Posted 6 July 2022
A team led by SVI’s Associate Professor Mark Chong, has been awarded a two-year grant from the Victorian Government’s new mRNA Research Acceleration Fund to push forward development of an Australian-first mRNA-based treatment for type 1 diabetes.
“Type 1 diabetes occurs when the body’s own immune system mistakenly attacks insulin-producing cells in the pancreas as if they were disease-causing organisms – pathogens,” says Mark. “Our aim is to use specific mRNA molecules to reprogram the immune system, changing the message from ‘let’s attack’ to ‘there’s nothing to see here, let’s move on’.”
The immune system identifies and destroys potential pathogens by recognising specific molecular markers, called antigens – or in the case of an autoimmune response, as in type 1 diabetes, ‘self-antigens’.
Mark and his team will build on recent developments in mRNA vaccine technology, with the goal of suppressing the immune response against self-antigens stemming directly from insulin-producing cells in the pancreas.
“Antigen-specific therapy is ideal for treating an autoimmune disease like type 1 diabetes, because it does not suppress the entire immune system,” Mark explains. “What we want to achieve is targeted ‘immune tolerance’ of a specific set of self-antigens, so the person’s immune system does not attack useful cells and remains otherwise functional – protecting the person against tumours and infection by pathogens.”
Without the ability to produce insulin to regulate their blood sugar levels, people with type 1 diabetes are dependent on replacement insulin, delivered by injection or pump, for the rest of their lives. Since its first use 100 years ago, insulin remains the only available treatment for type 1 diabetes – but it is not a cure for the disease.
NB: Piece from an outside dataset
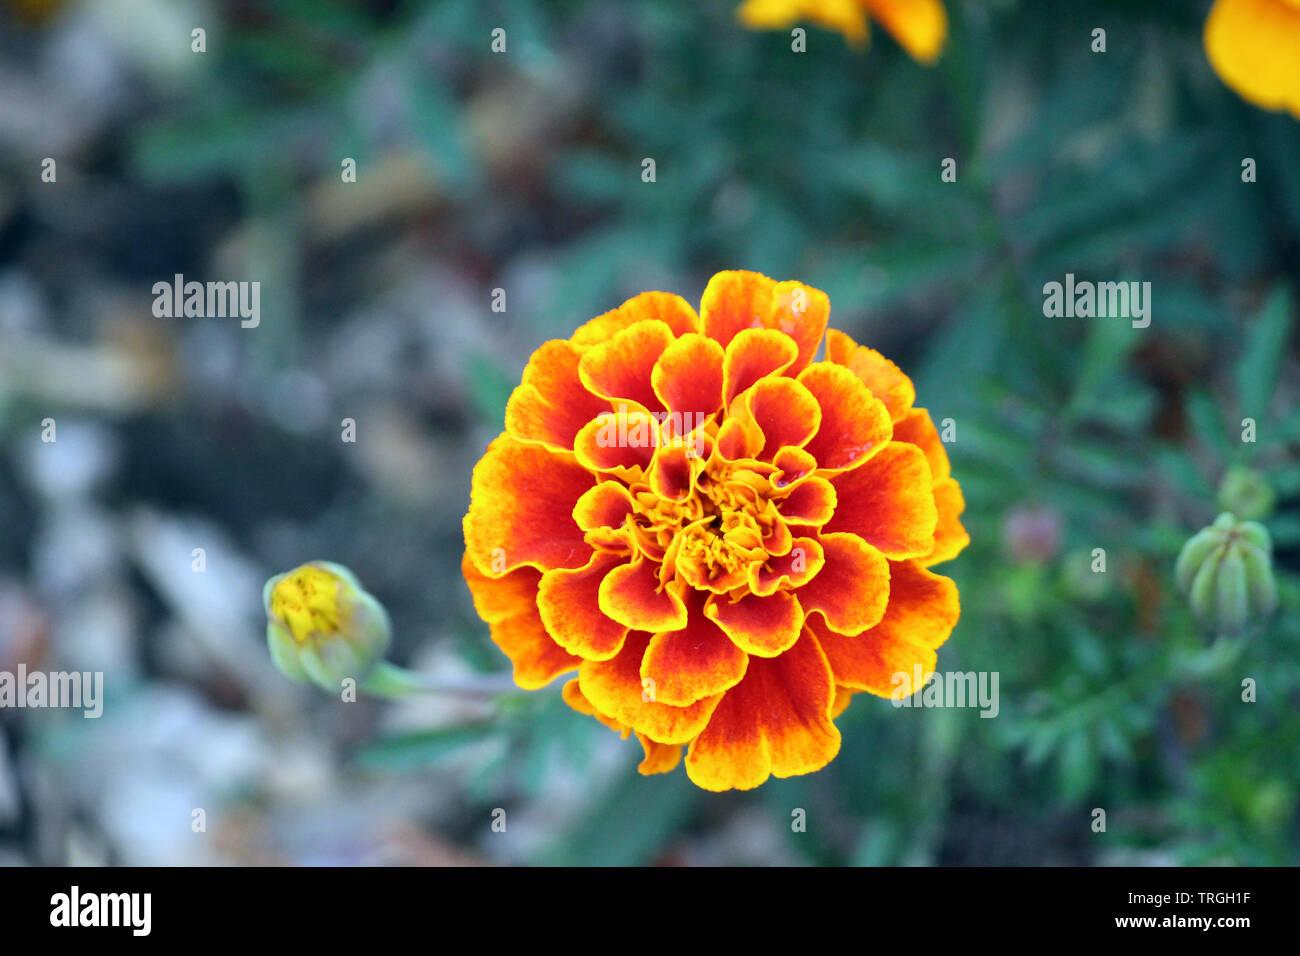 Macro shot of a Marigold flower in full bloom using a bokeh effect

“There is a clear, unmet clinical need for new, more effective treatments that go to the heart of the problem – the abnormal immune response – rather than just replacing insulin after the body has lost the ability to produce it,” says Mark.
The joint team that Mark will lead for this new project brings together scientists from SVI and the Monash Institute for Pharmaceutical Sciences (MIPS), including Professor Helen Thomas (SVI), Associate Professor Stuart Mannering (SVI), and Professor Colin Pouton (MIPS).
“Thanks to those scientists who identified the potential for, and have developed the use of, mRNA technology over the past 20 years, we now have new avenues for treatment,” says Mark. “Our team is very excited to see if mRNA technology can lead us to a new drug therapy for the millions of people worldwide who live with type 1 diabetes.”
We acknowledge the Victorian State Government for their support of this project through the Victorian mRNA Research Acceleration Fund. This research is also funded by philanthropic donations to the SVI Foundation.
Originally discovered in 1961, messenger RNA (mRNA) functions like a photocopy of part of a person’s DNA. mRNA provides instructions for creating a protein – and once used, these instructions literally self-destruct. It’s this ability to act and then disappear that has now been harnessed to develop new generation mRNA vaccines, such as those that protect against COVID-19.